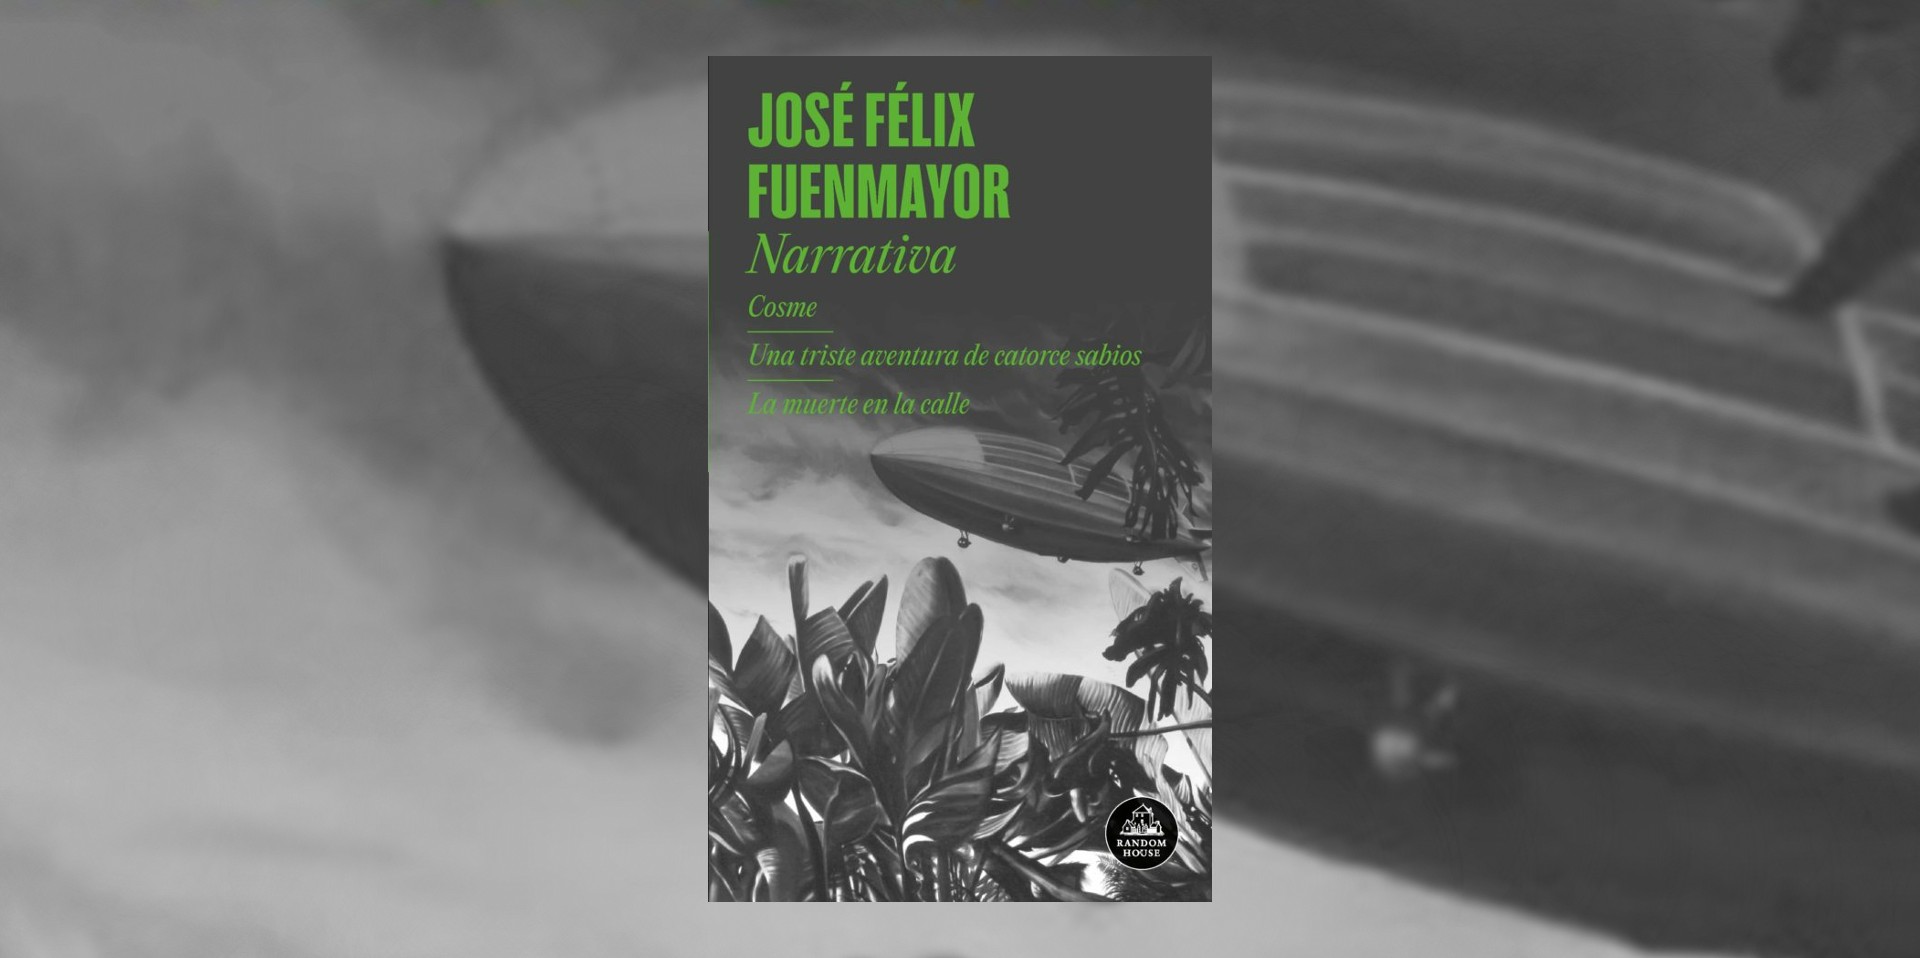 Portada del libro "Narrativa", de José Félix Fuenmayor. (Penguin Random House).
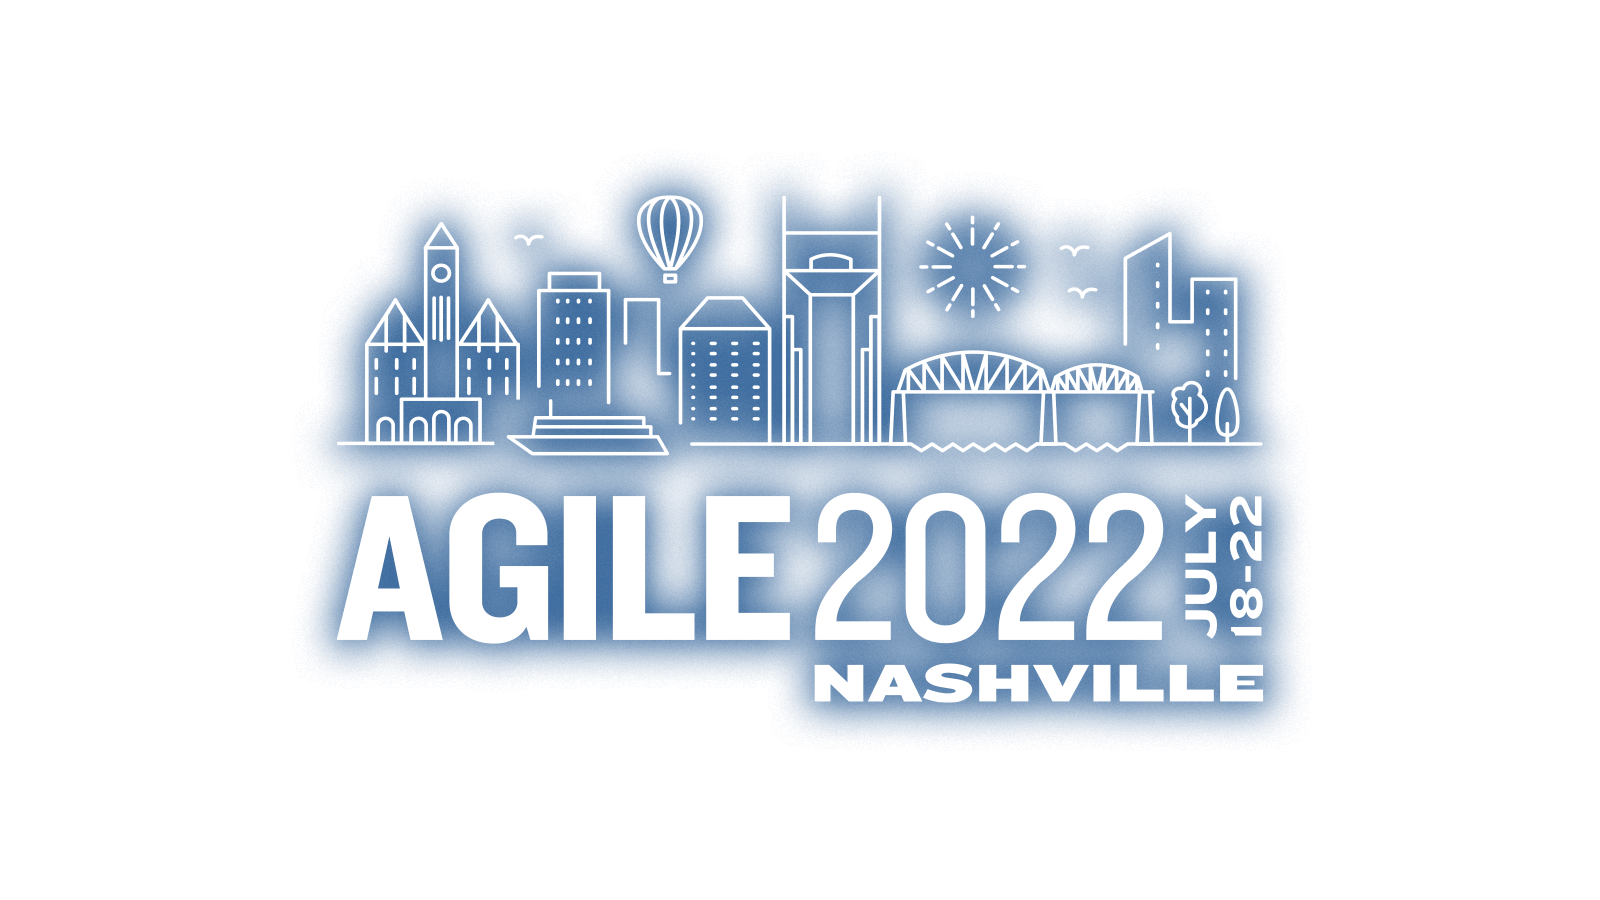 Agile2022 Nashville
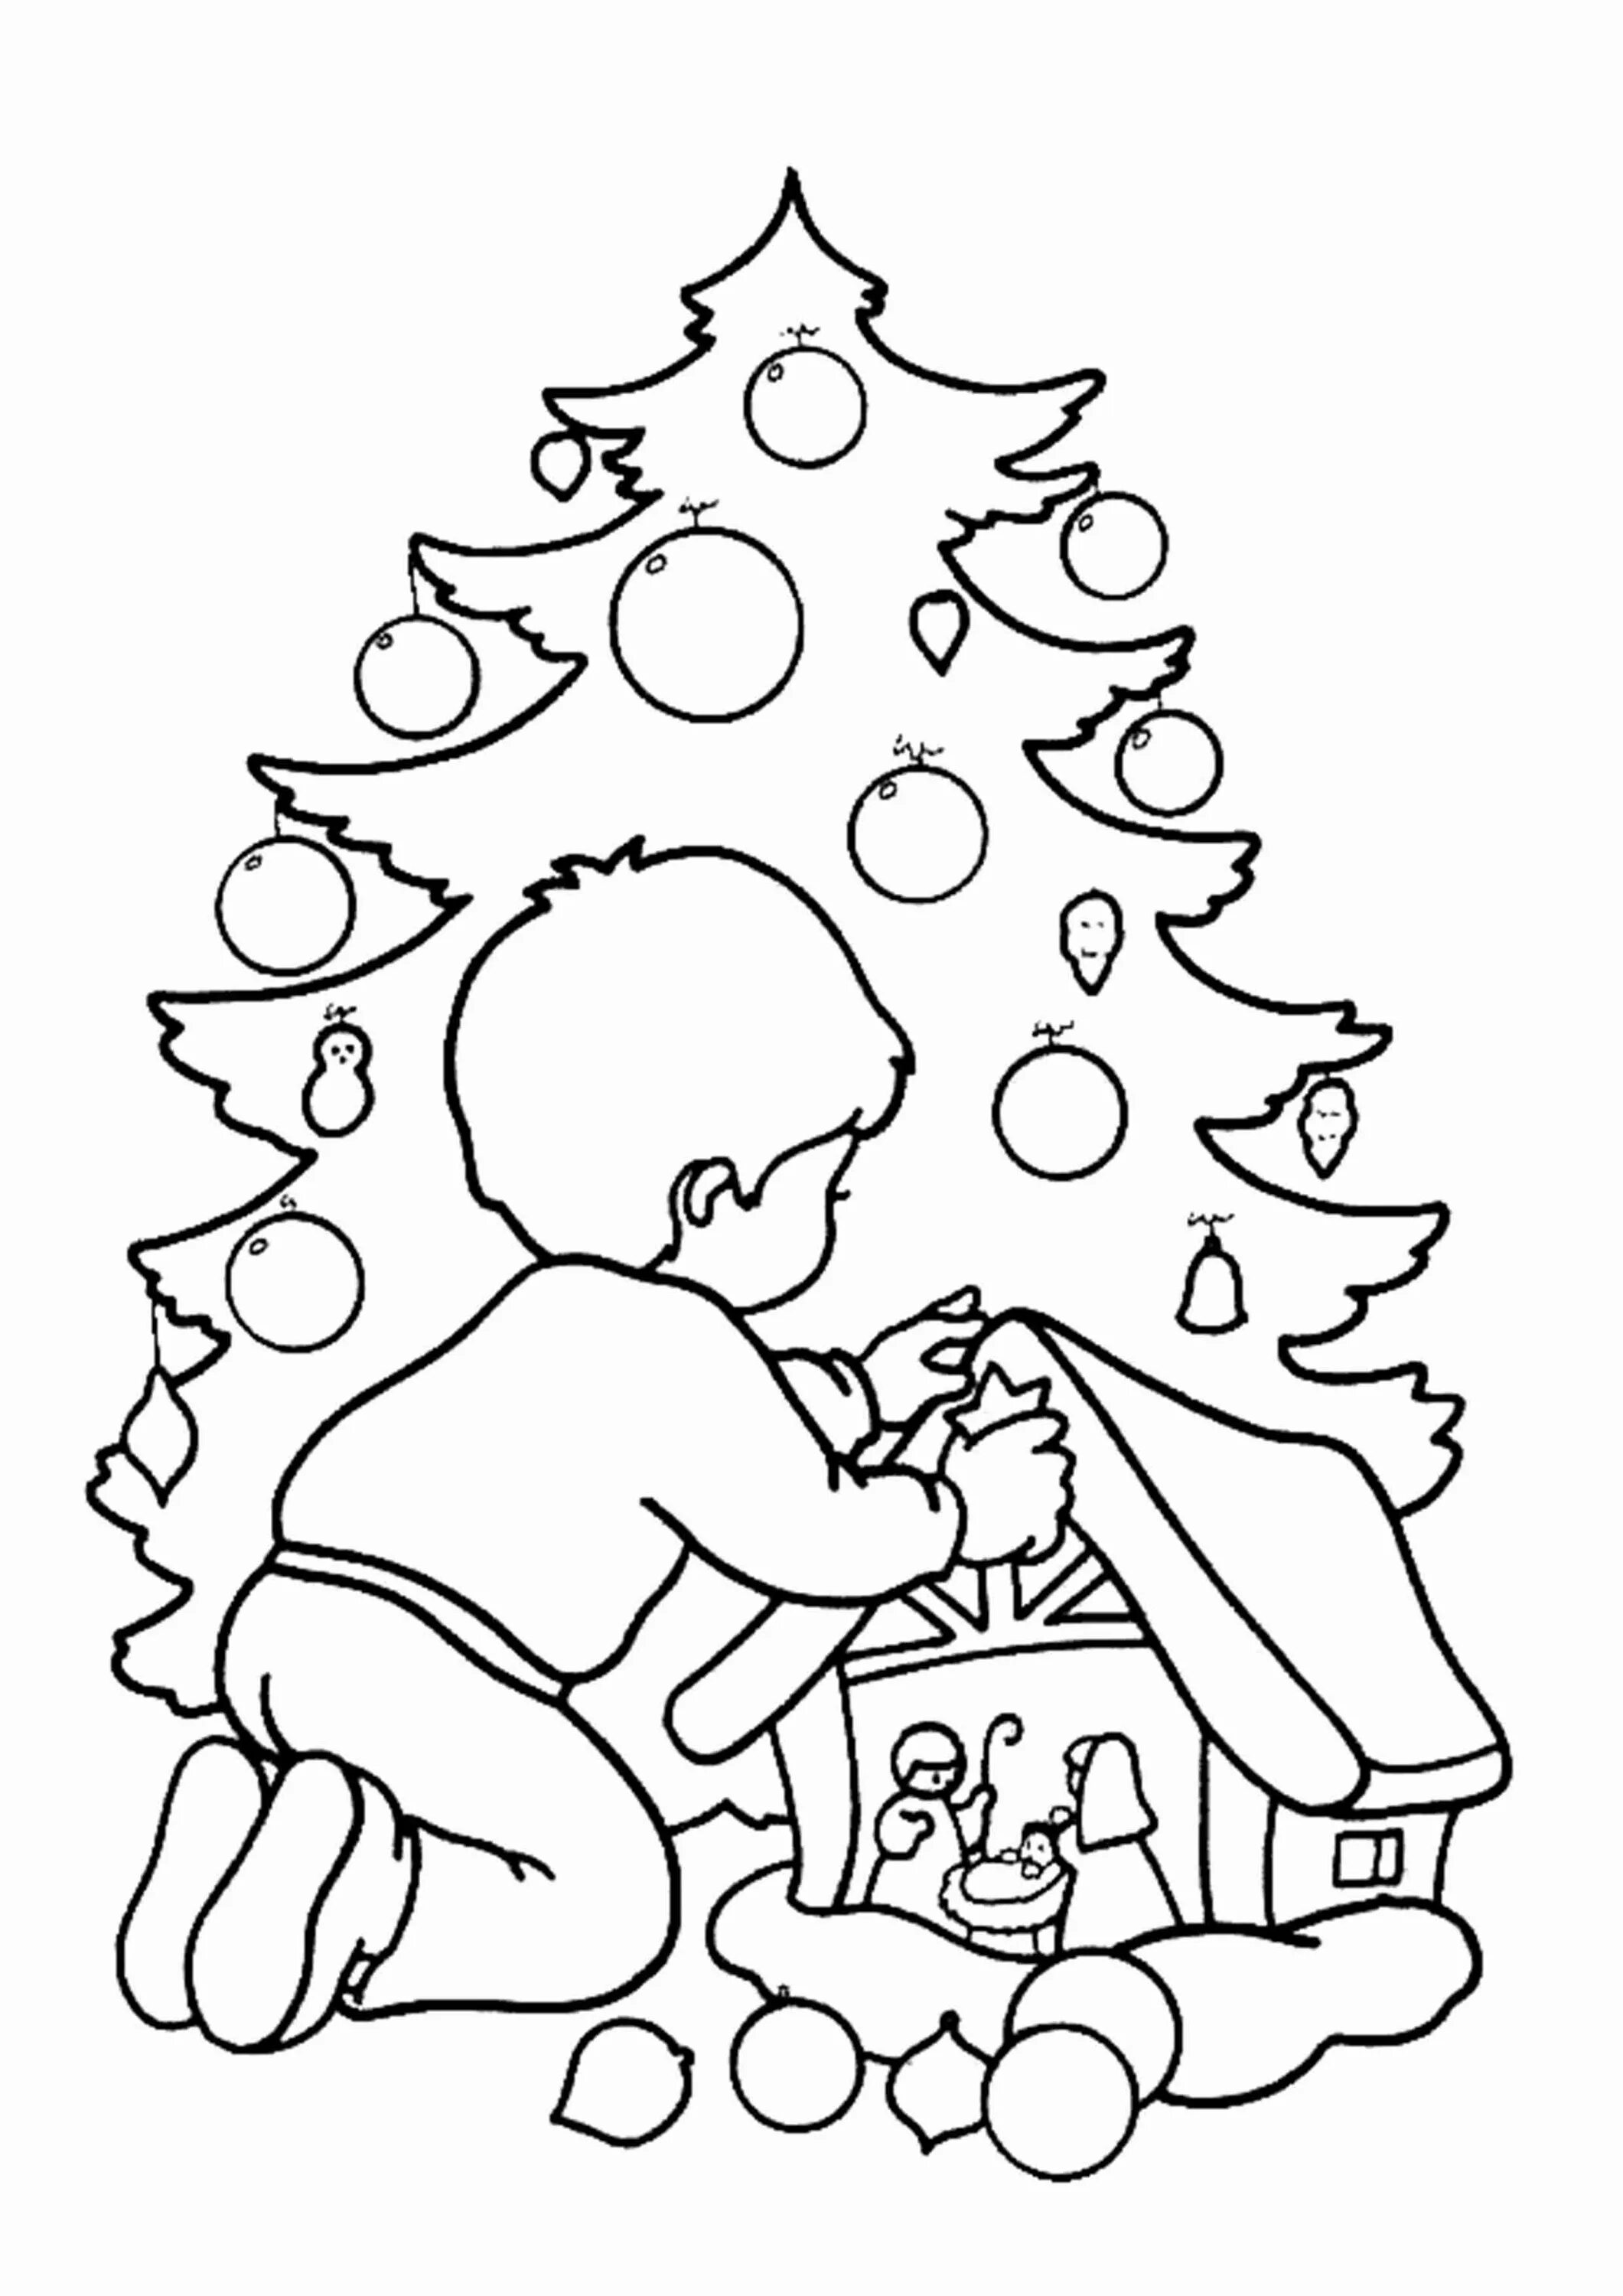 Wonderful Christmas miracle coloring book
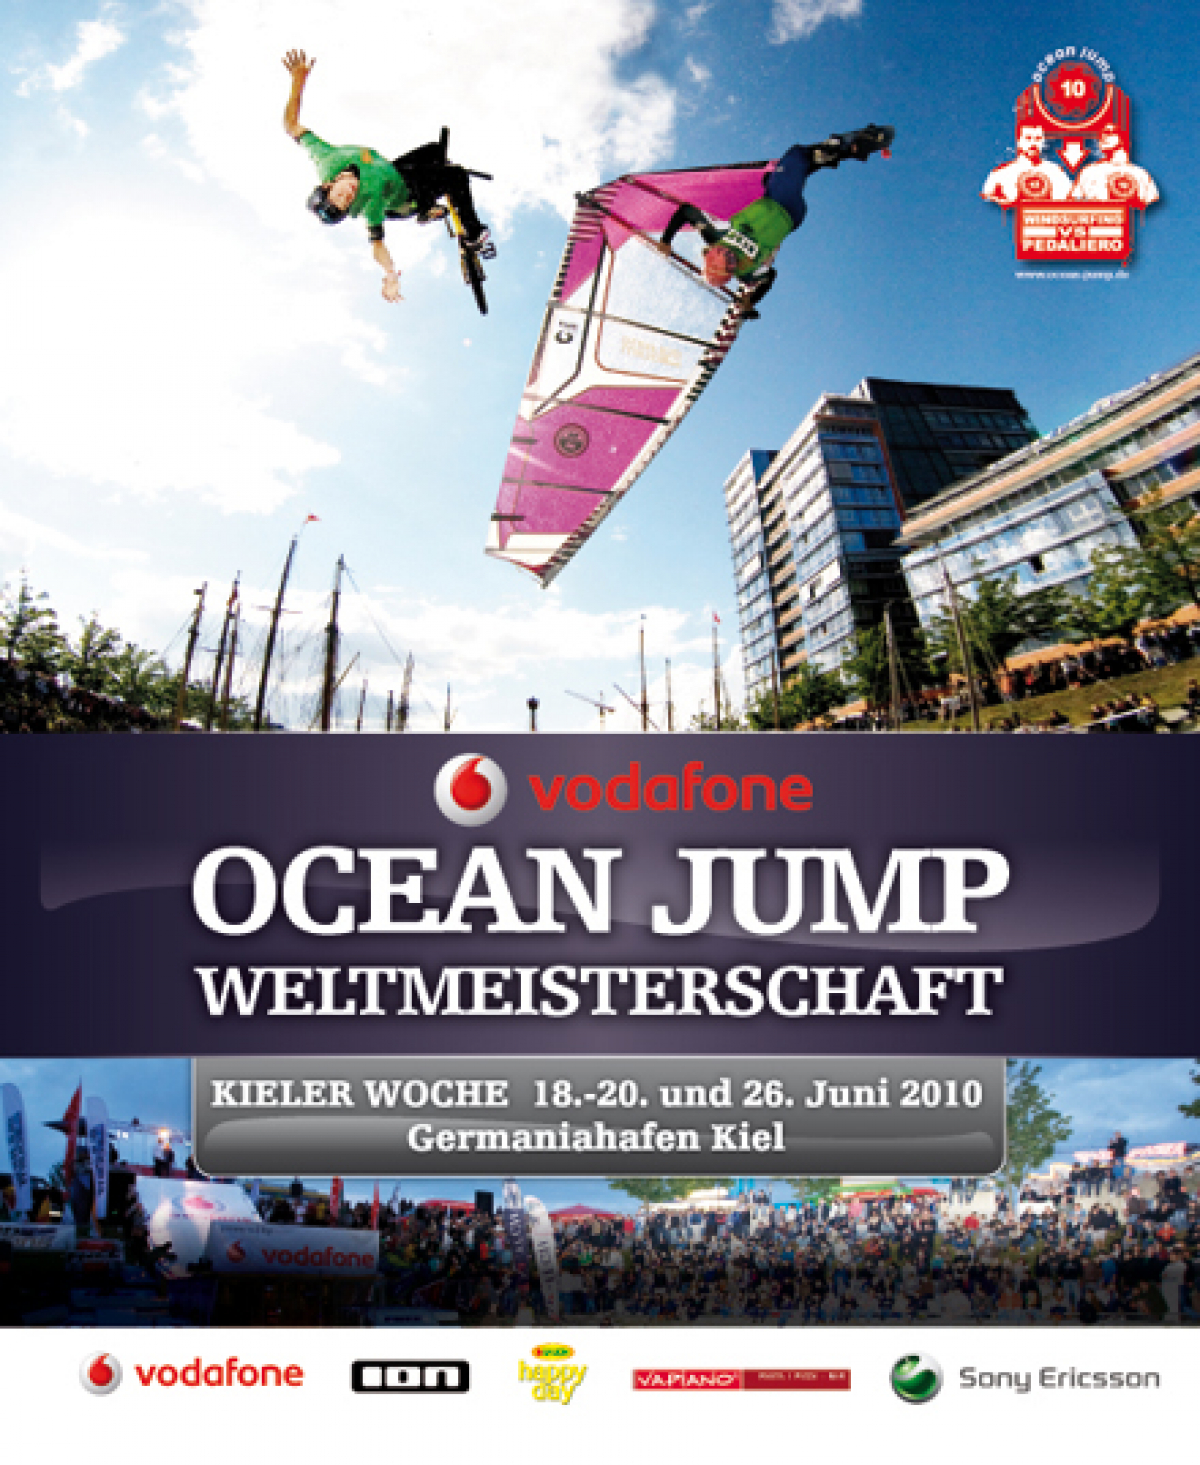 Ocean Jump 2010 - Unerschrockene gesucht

☆ ☆ ☆ ☆ ☆ ☆ ☆

*What to work on*:
Omit the pictures and give the material again, exactly and in full.

*Expected answer*:
 Portada del libro "Narrativa", de José Félix Fuenmayor. (Penguin Random House).
 Agile2022 Nashville
 Wonderful Christmas miracle coloring book
 Ocean Jump 2010 - Unerschrockene gesucht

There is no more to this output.